Repeat the listing that follows character for character, omitting images.

> _Information provided_
• • •

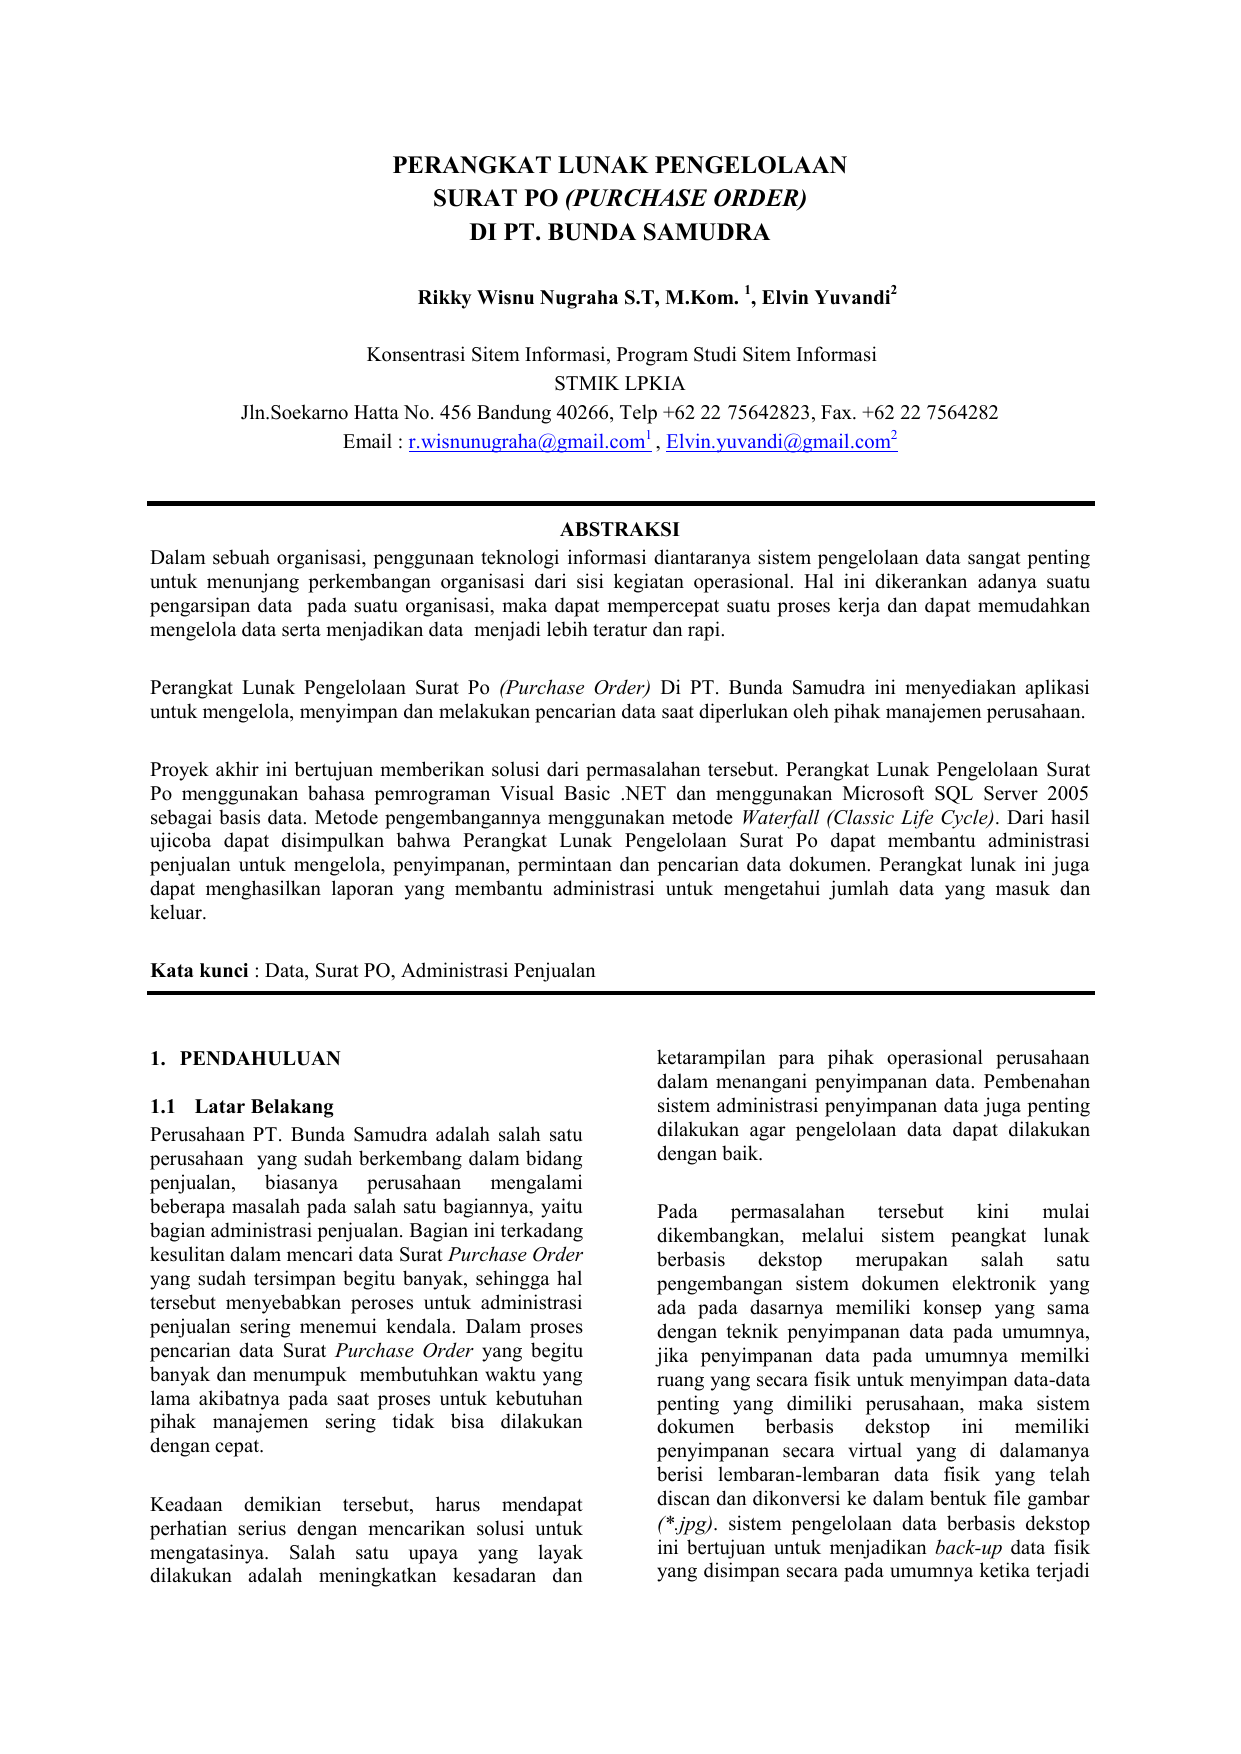 Perangkat Lunak Pengelolaan Surat Po Purchase Order Di Pt
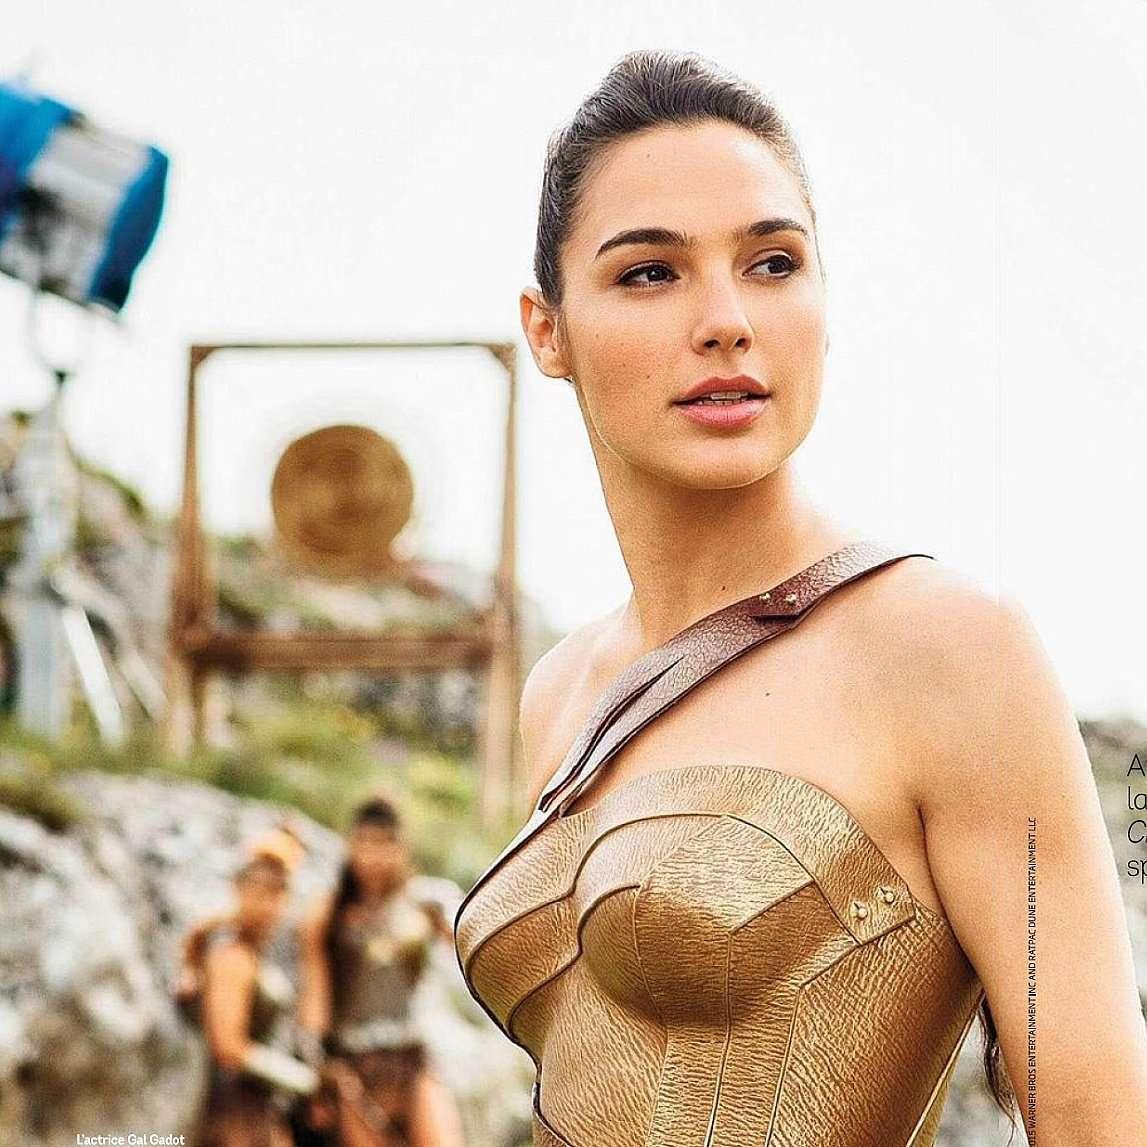 Fake gal gadot Wonder Woman:
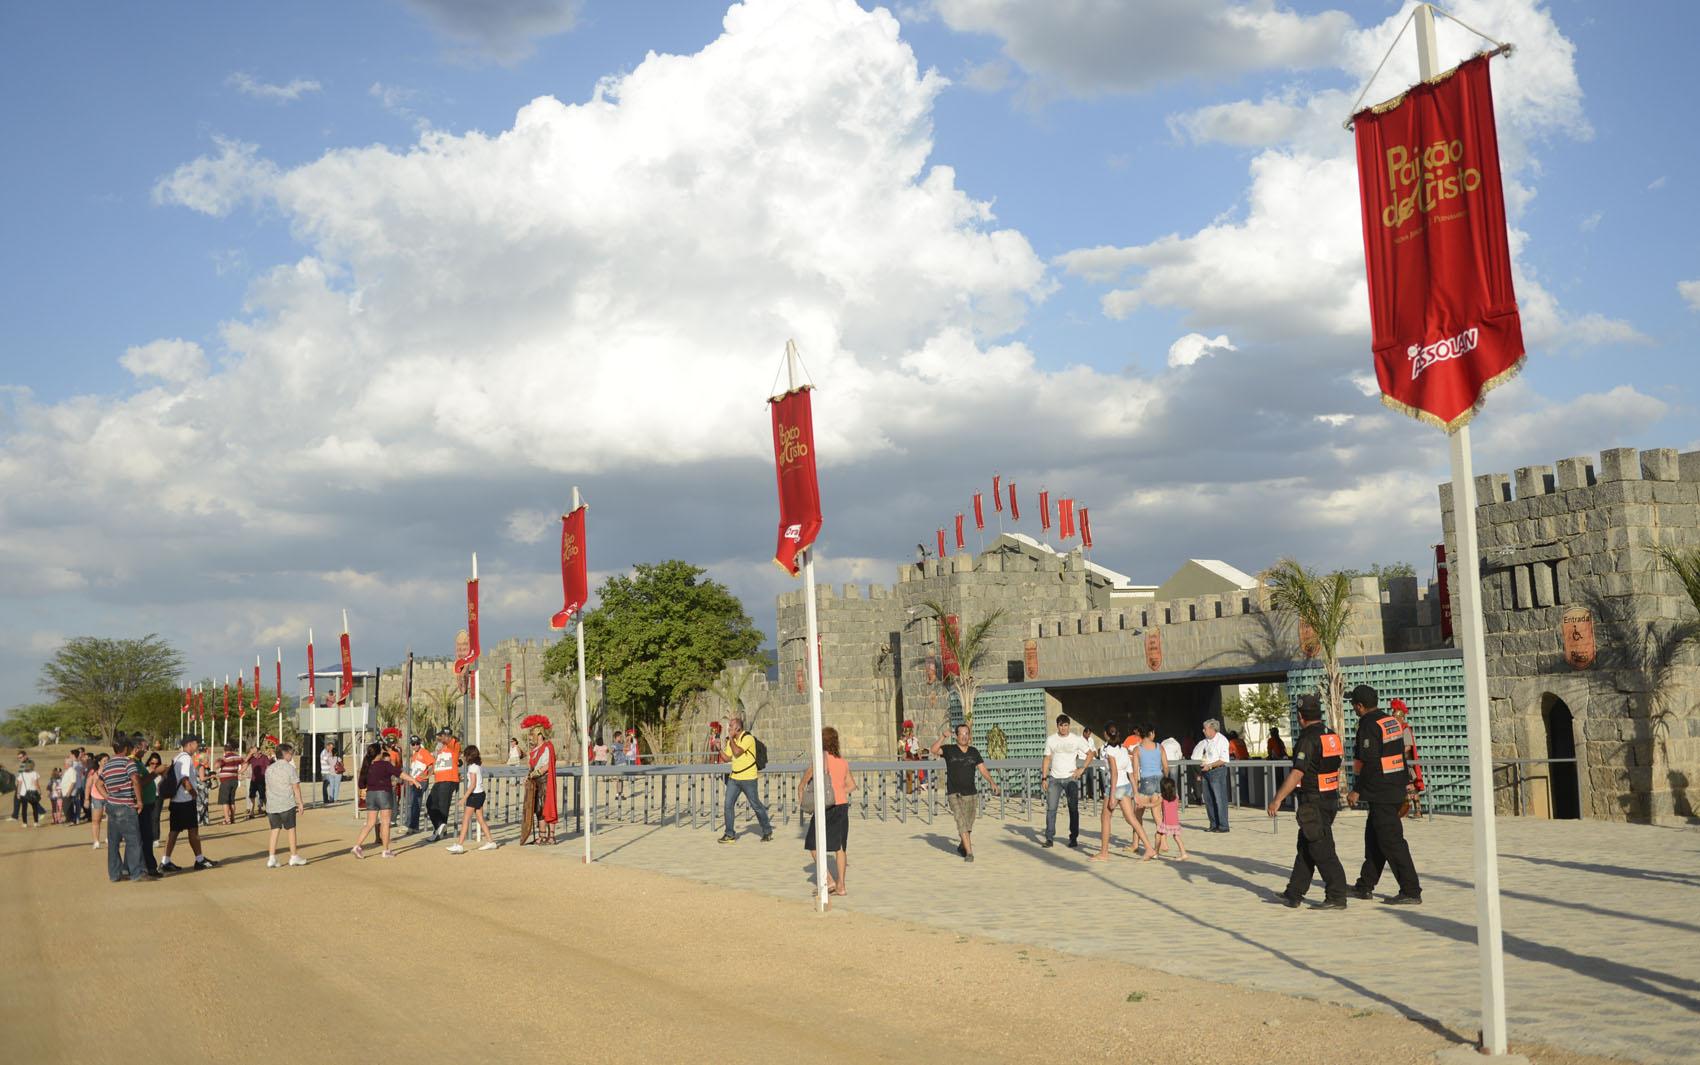 Entrada da cidade teatro de Nova Jerusalém, em Fazenda Nova

• • •

> _Completed task_
 Perangkat Lunak Pengelolaan Surat Po Purchase Order Di Pt
 Fake gal gadot Wonder Woman:
 Entrada da cidade teatro de Nova Jerusalém, em Fazenda Nova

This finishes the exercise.